参列者がお供えを用意する場合も、施主がお返しを準備する場合も、品物の種類だけでなく、事前の案内、保存のしやすさ、地域や家庭の慣習を確認することが大切です。
保存しやすく分けやすい品を選ぶ
お供えには、常温で保存でき、遺族が扱いやすい品が向いています。個包装の菓子、飲料、乾物などは、法要後に親族へ分けやすい点も利点です。
故人が好きだったものを選ぶ場合も、賞味期限や保存方法を確認します。生ものや冷蔵品を持参したいときは、事前に施主へ相談し、保管場所を確保できるか確認しましょう。
香典・供物辞退の案内を優先する
案内状や連絡で香典・供物を辞退すると伝えられている場合は、無理に持参しません。
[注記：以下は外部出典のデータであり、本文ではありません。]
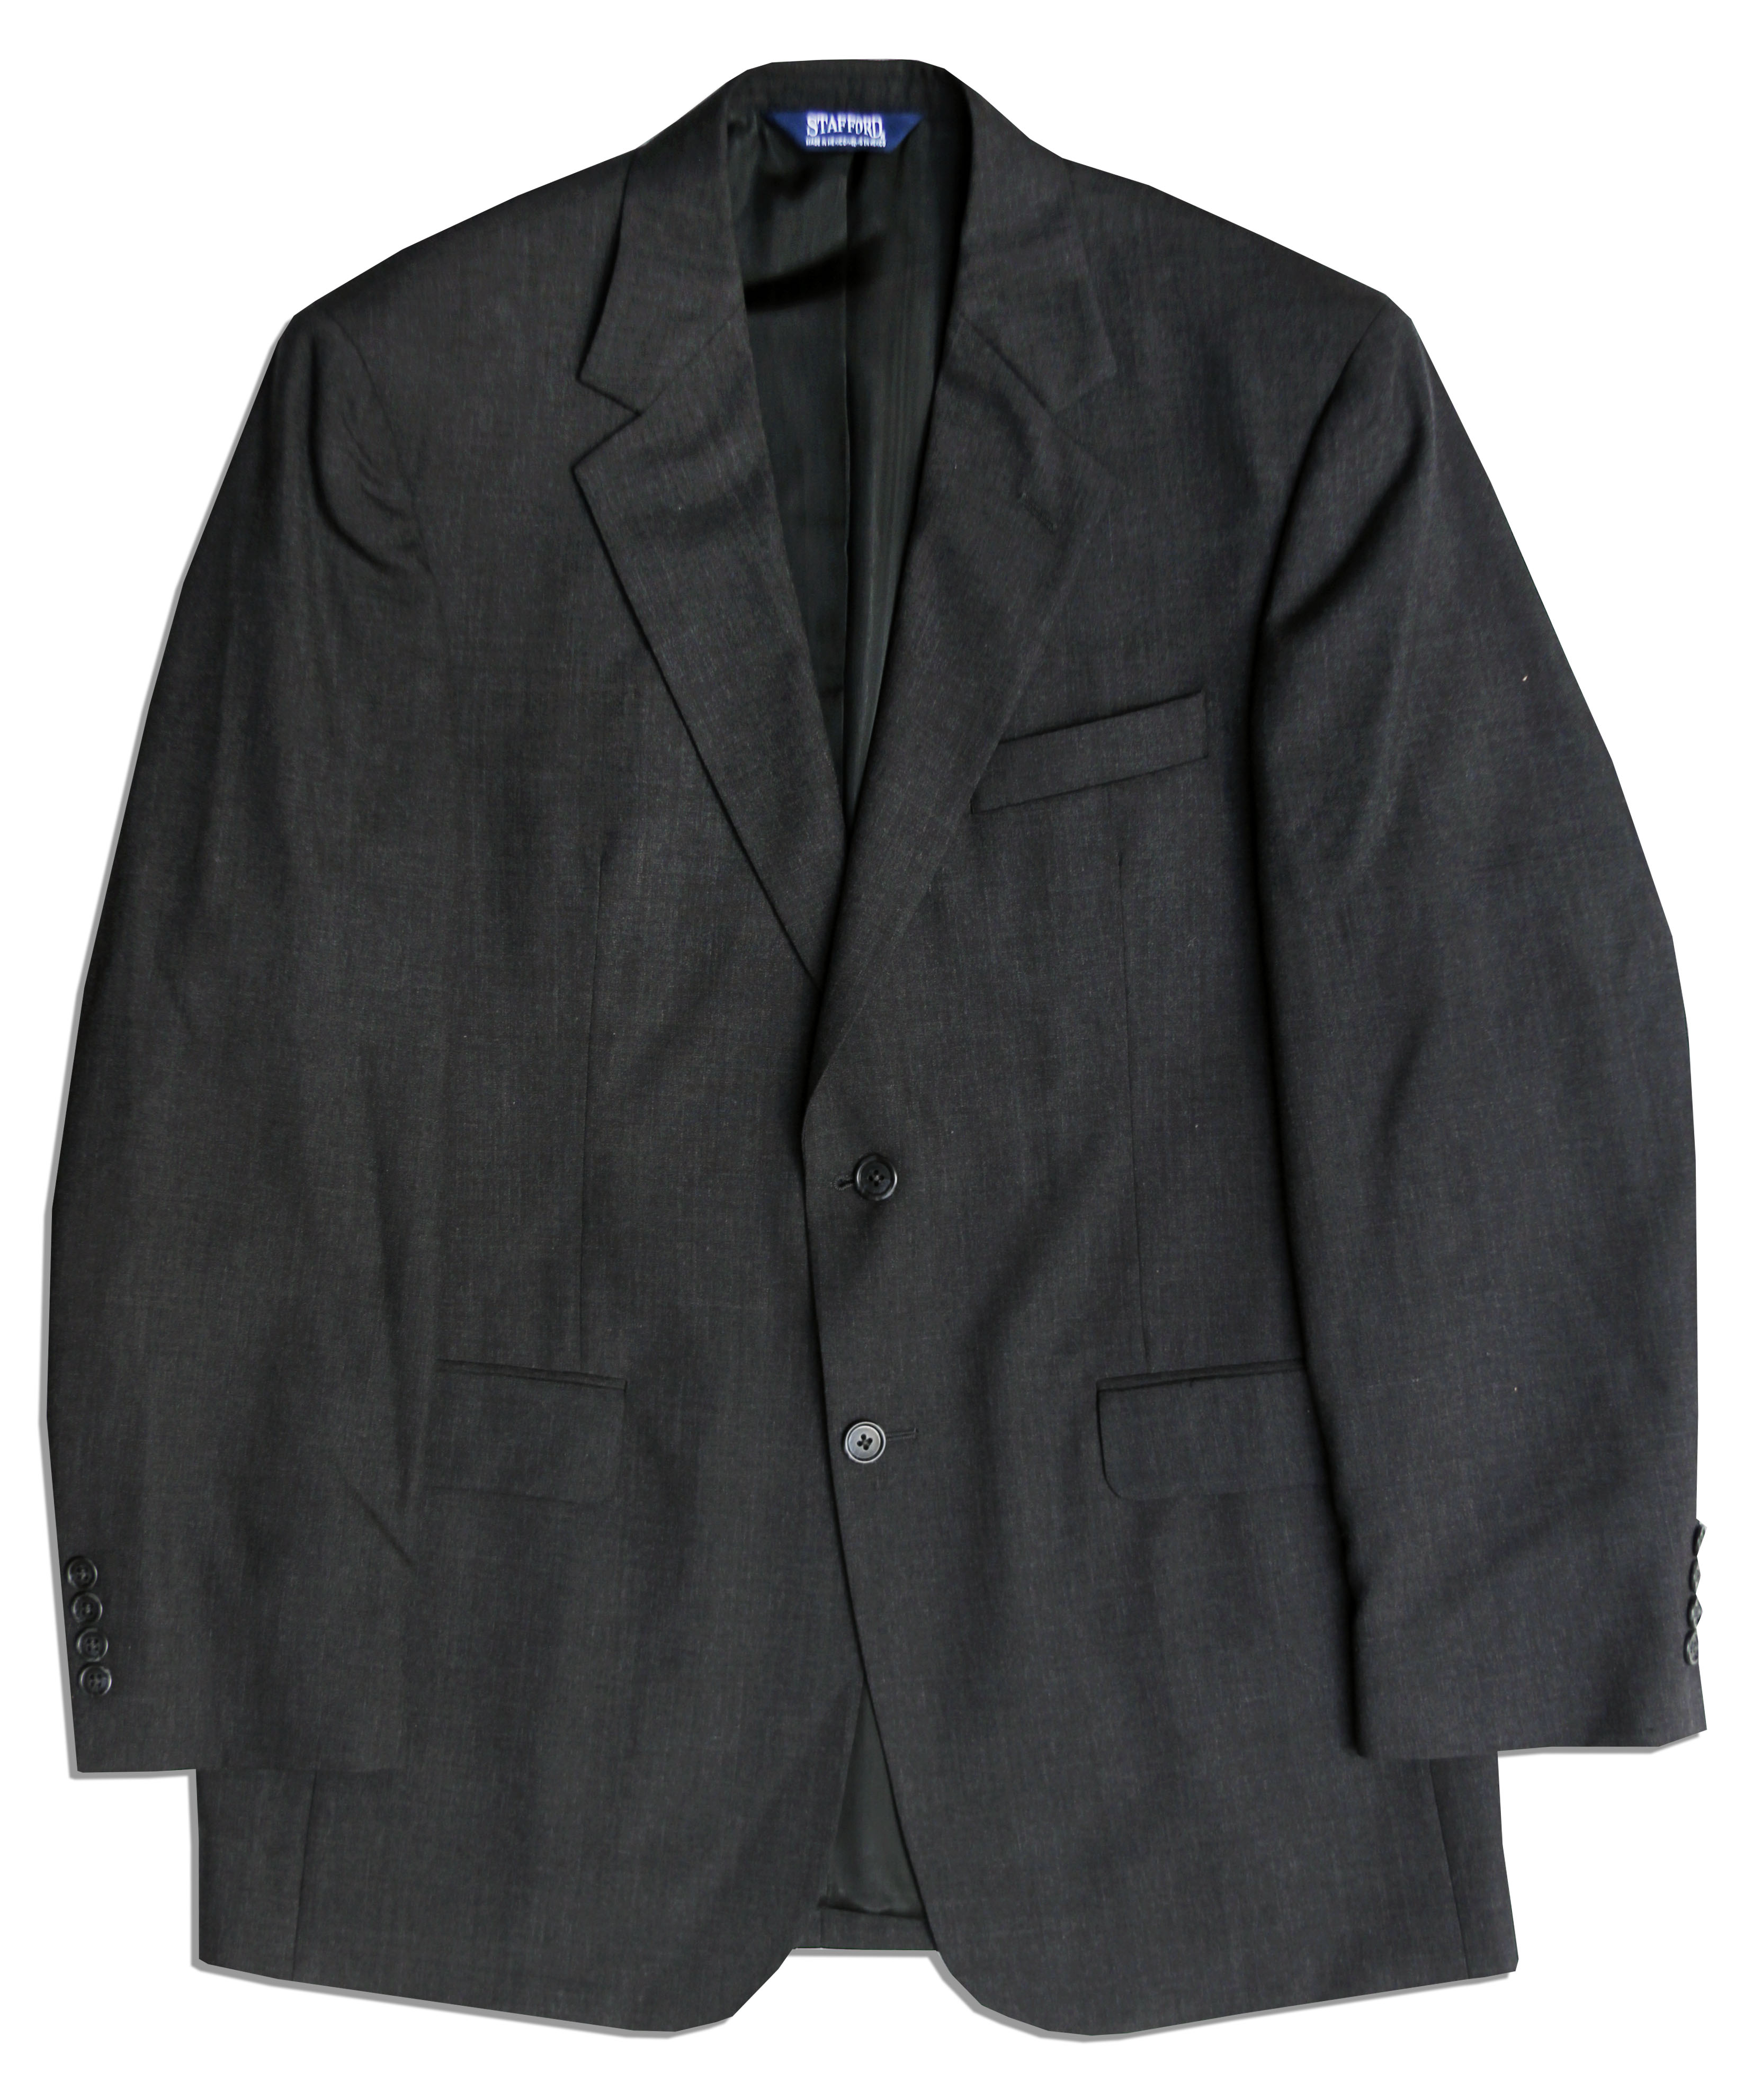 Item Detail - Steve Carell Screen-Worn Business Suit Jacket, Shirts ...

「手ぶらでは失礼」と考えて別の品を用意すると、かえって遺族へ返礼の負担をかけることがあります。
香典だけを辞退しているのか、供物や供花も含めて辞退しているのか分からない場合は、施主へ確認してください。
お供えはまず施主へ渡す
訪問時に持参したお供えは、仏壇や祭壇へ自分で置かず、まず施主へ渡します。飾る場所や供える順番は家庭によって異なるためです。
渡す際は「御仏前にお供えください」などと短く伝えます。包装を外すかどうか、いつ供えるかは施主の判断に任せましょう。
お返しは地域や家庭の慣習に合わせる
初盆のお返しは、当日に引き物として渡す場合と、受け取った香典やお供えに応じて後日送る場合があります。どちらが正しいと一律に決めず、地域や親族の慣習、法要の規模に合わせます。
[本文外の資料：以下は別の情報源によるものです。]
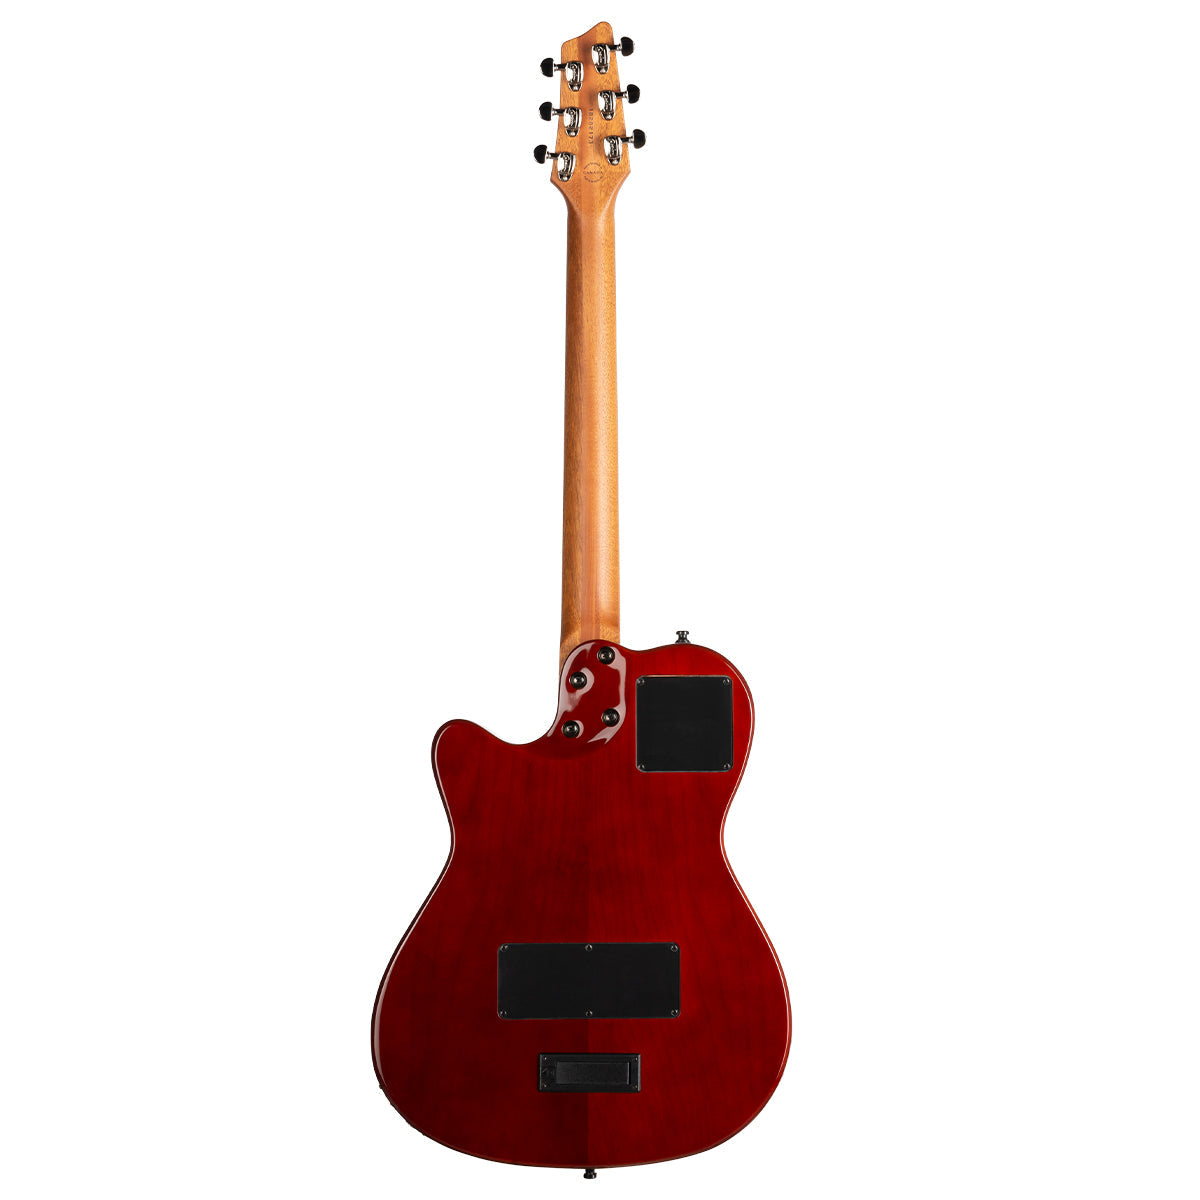 Godin A6 Ultra Electric Guitar ~ Extreme Koa HG, Electric Guitar for sale at Richards Guitars.

施主側は、香典やお供えを誰から受け取ったか記録しておくと、返礼漏れを防げます。分からない場合は、葬儀社、仏具店、近しい親族などへ地域の慣習を確認しましょう。
迷ったときは菩提寺と家族に確認する

初盆を迎える前に行いたいのは、地域のお盆と四十九日を確認し、寺院と親族へ早めに連絡し、火やお供えを安全に管理できる方法を決めることです。
準備やマナーに迷ったときは、一般的なタブーの一覧をそのまま当てはめず、自分の宗派・地域・家庭に合う方法を確認します。
確認先は、次の順に考えると整理しやすくなります。
- 法要や読経を依頼する菩提寺・寺院
- 初盆を取り仕切る施主と同居家族
- 家庭の慣習を知る近しい親族
- 地域事情に詳しい葬儀社や仏具店
盆提灯や精霊棚が必要か、日程を調整できるか、家族だけで行ってよいかは、家庭ごとに答えが異なります。
形式を一律に守ることより、早めに確認し、安全と相手への配慮を優先することが、初盆を落ち着いて迎えるための基本です。